In `@app/assessment/config/api.ts`:
- Around line 25-33: The helper getApiKey currently always returns keys[0].key
which breaks when multiple keys exist; update getApiKey to resolve the same
selected/active keystore entry the rest of the assessment uses (instead of
blindly picking index 0) by reading the selection marker the app stores (e.g.,
an activeKeyId or selectedIndex stored alongside STORAGE_KEY) or accept the
selected key id as an argument; locate the function getApiKey and STORAGE_KEY
usage, read the selection field the rest of the assessment uses (or add a
parameter to getApiKey to receive selectedKeyId), then return the key object
matching that id (or null if not found) rather than keys[0].key.
In `@app/assessment/useAssessmentEvents.ts`:
- Around line 90-95: The SSE connection error handling in useAssessmentEvents
currently calls onForbidden() and then throws, which causes the reconnect loop
to keep retrying; instead, make 403 a terminal case by invoking onForbidden()
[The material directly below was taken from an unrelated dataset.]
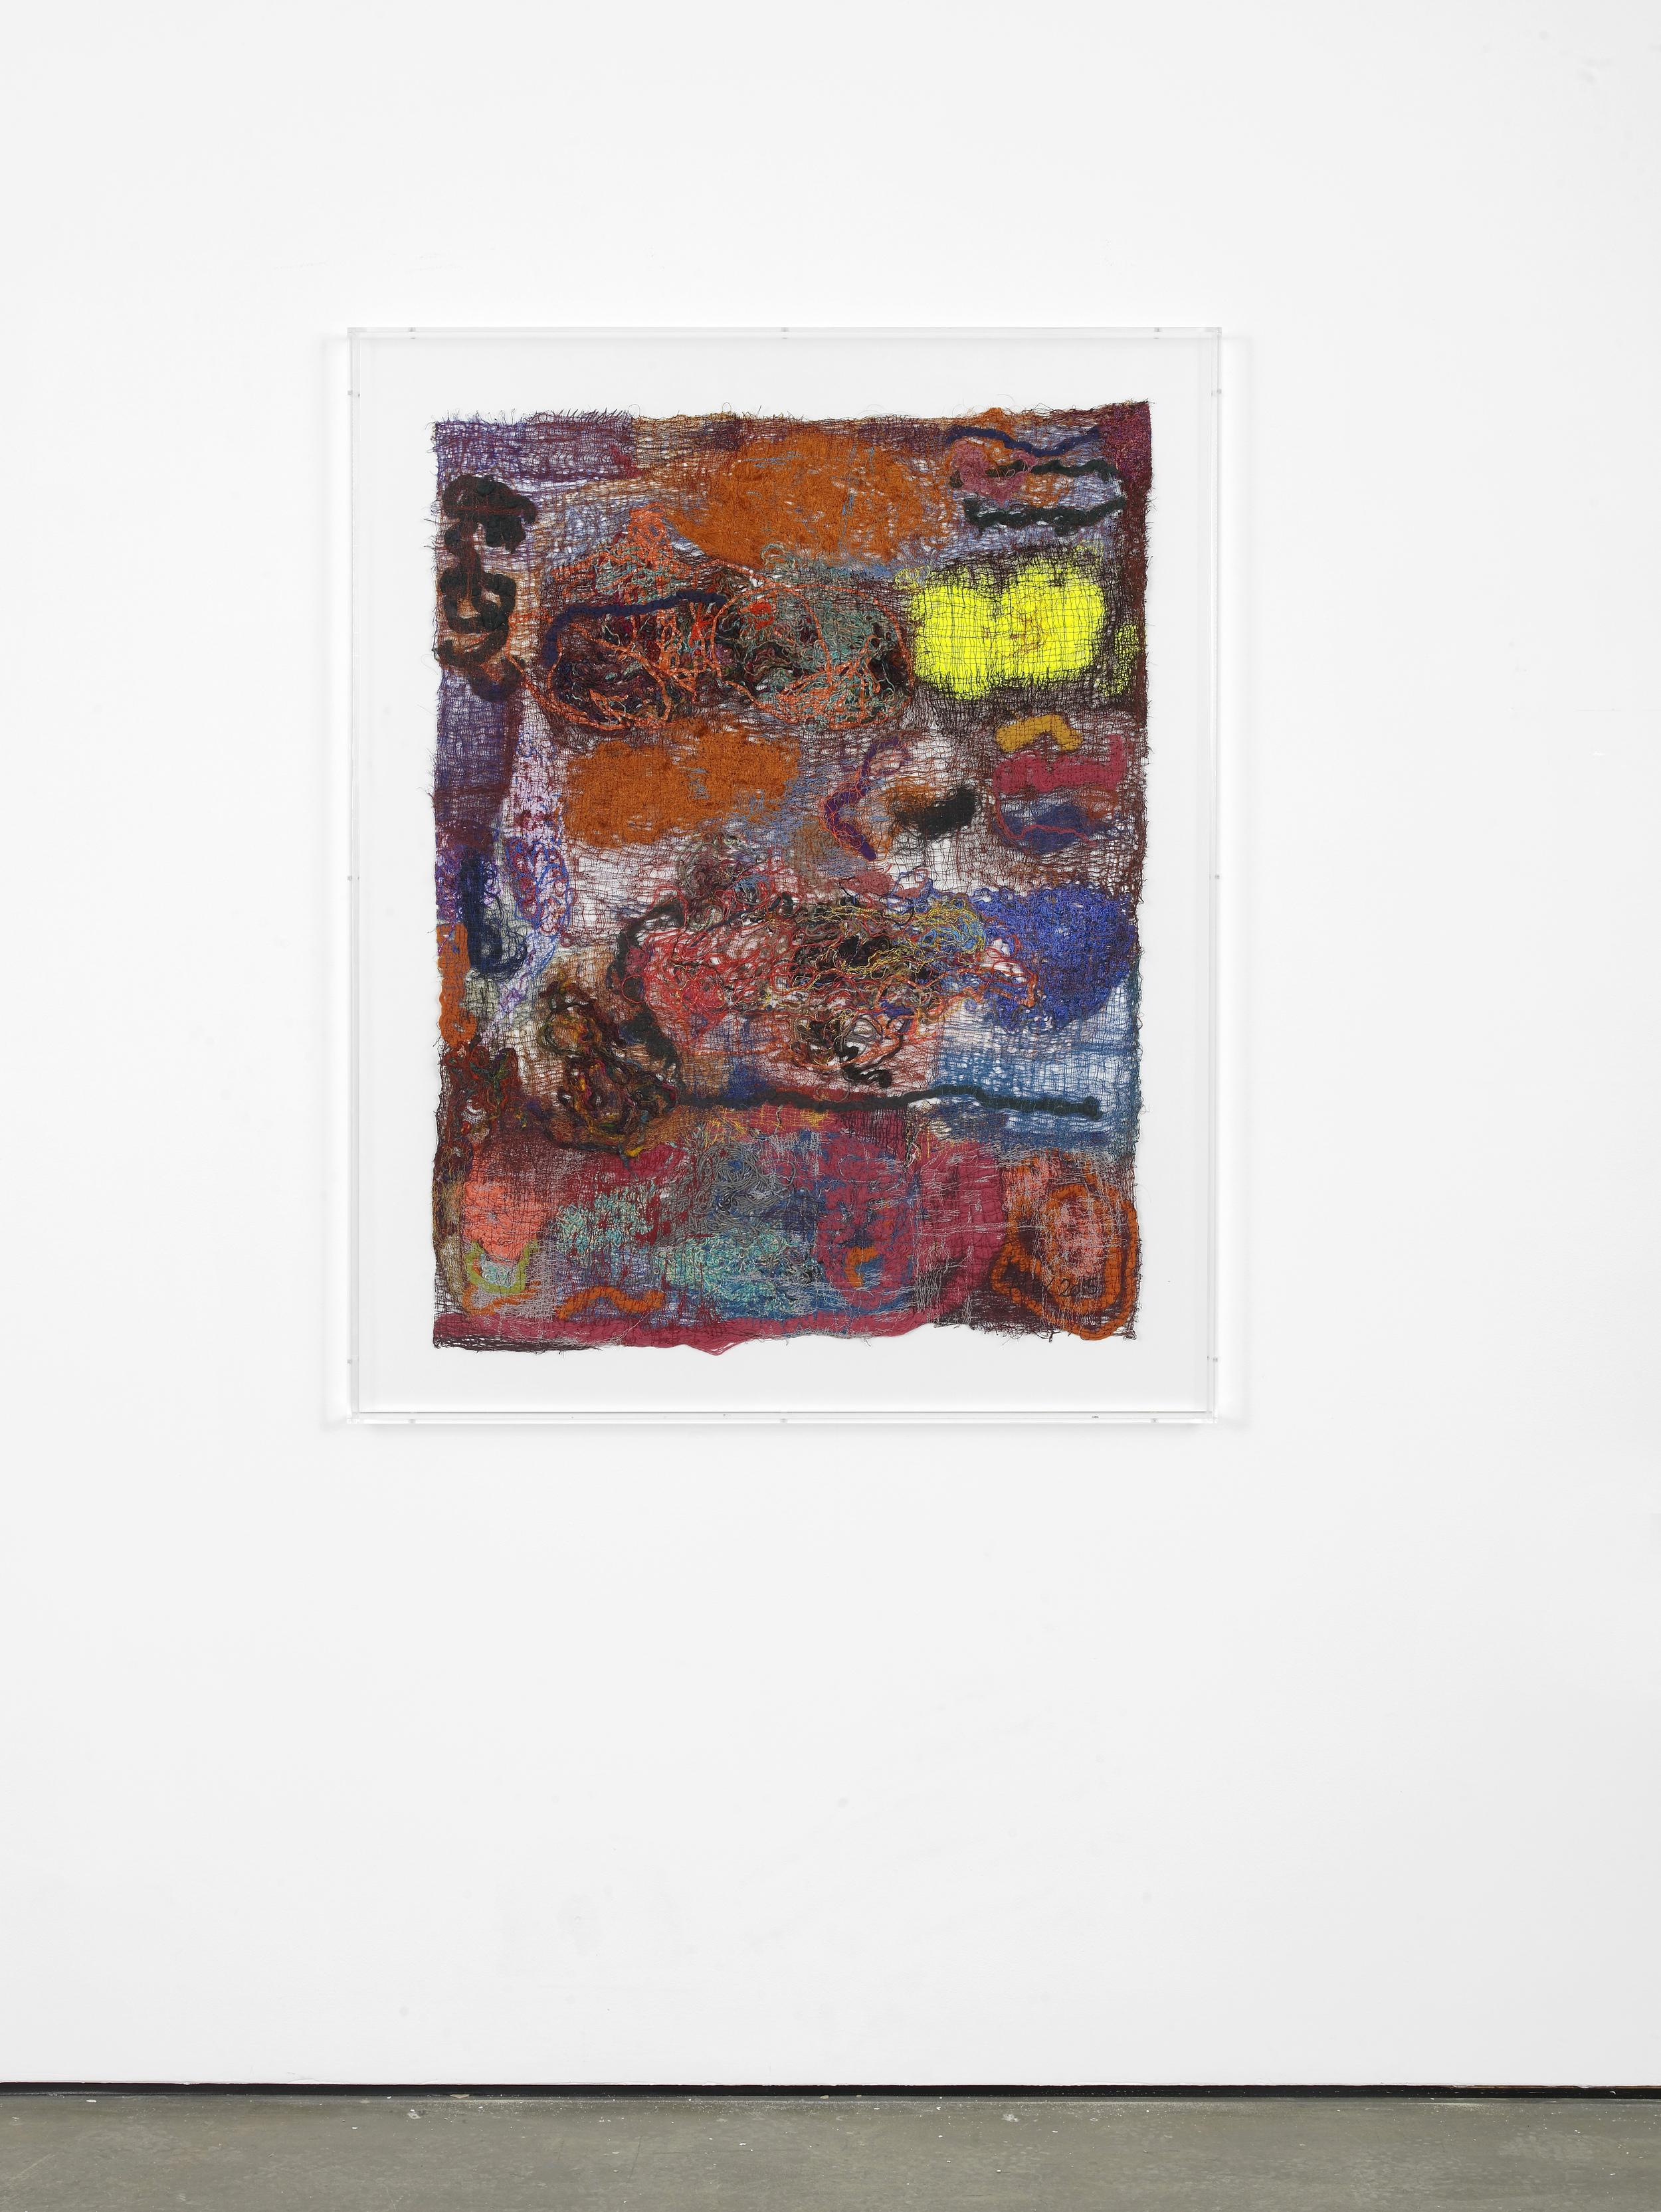 Sediment I 2015 Polyester, silk, cotton, wool, polyurethane 111 x 83 cm / 43.7 x 32.6 in 128.2 x 101.2 x 7 cm / 50.4 x 39.8 x 2.7 in (framed)

and returning early (do not throw) so the reconnect/breaker isn't fed a
retryable error. Update the block that checks response.status === 403 (the SSE
response handling in useAssessmentEvents) to call onForbidden() and exit the
function/connection setup immediately for 403, while continuing to throw for
other non-ok statuses.
In `@app/components/speech-to-text/ModelComparisonCard.tsx`:
- Around line 130-137: The visual spinner rendered in ModelComparisonCard.tsx
when status === "pending" is not announced to assistive tech; update the spinner
container (the div that currently has className "w-4 h-4 ... animate-spin") to
include an accessible status by adding role="status" and an appropriate text
alternative such as aria-label="Loading" or an offscreen <span> with
aria-live="polite" (or aria-hidden on purely decorative span) so screen readers
receive a clear "loading" announcement; ensure the change is applied inside the
component where the status variable is checked so it only appears during the
pending state.
---
Duplicate comments:
In `@app/api/assessment/events/route.ts`:
- Around line 19-24: The handler currently returns the upstream SSE body
directly to the client (response.text() -> details: text); change this to log
the full body server-side (use the existing logger or
processLogger/console.error to record the text and response.status) and return a
sanitized JSON to the client via NextResponse.json (e.g., { error: "Failed to
connect assessment event stream" }) with the same status code; keep using the
existing response variable and NextResponse.json call but remove echoing `text`
in the client payload while preserving server-side logging for debugging.
In `@app/assessment/AssessmentPageClient.tsx`:
- Around line 354-367: The POST payload in AssessmentPageClient.tsx is missing
the mapped ground-truth columns (state symbol columnMapping.groundTruthColumns)
so reference labels are not sent; update the payload construction (the payload
object near the code creating experiment_name, text_columns, attachments) to
include a ground_truth_columns property that serializes
columnMapping.groundTruthColumns in the same shape as text_columns/attachments
(e.g., map each entry to the expected { column, ... } structure or pass the raw
mapping if the API accepts it), ensuring the key name matches the API contract
used by submit/create handlers.
In `@app/assessment/components/DatasetStep.tsx`:
- Around line 76-105: fetchAndParseFile currently returns null on multiple
failure paths which leaves handleDatasetSelect unaware of failures; update
fetchAndParseFile to throw descriptive errors (e.g., "no file_content", "no
sheet", "empty data") or return a {error: string} result so callers can react,
and ensure handleDatasetSelect wraps the call in try/catch (or checks the error)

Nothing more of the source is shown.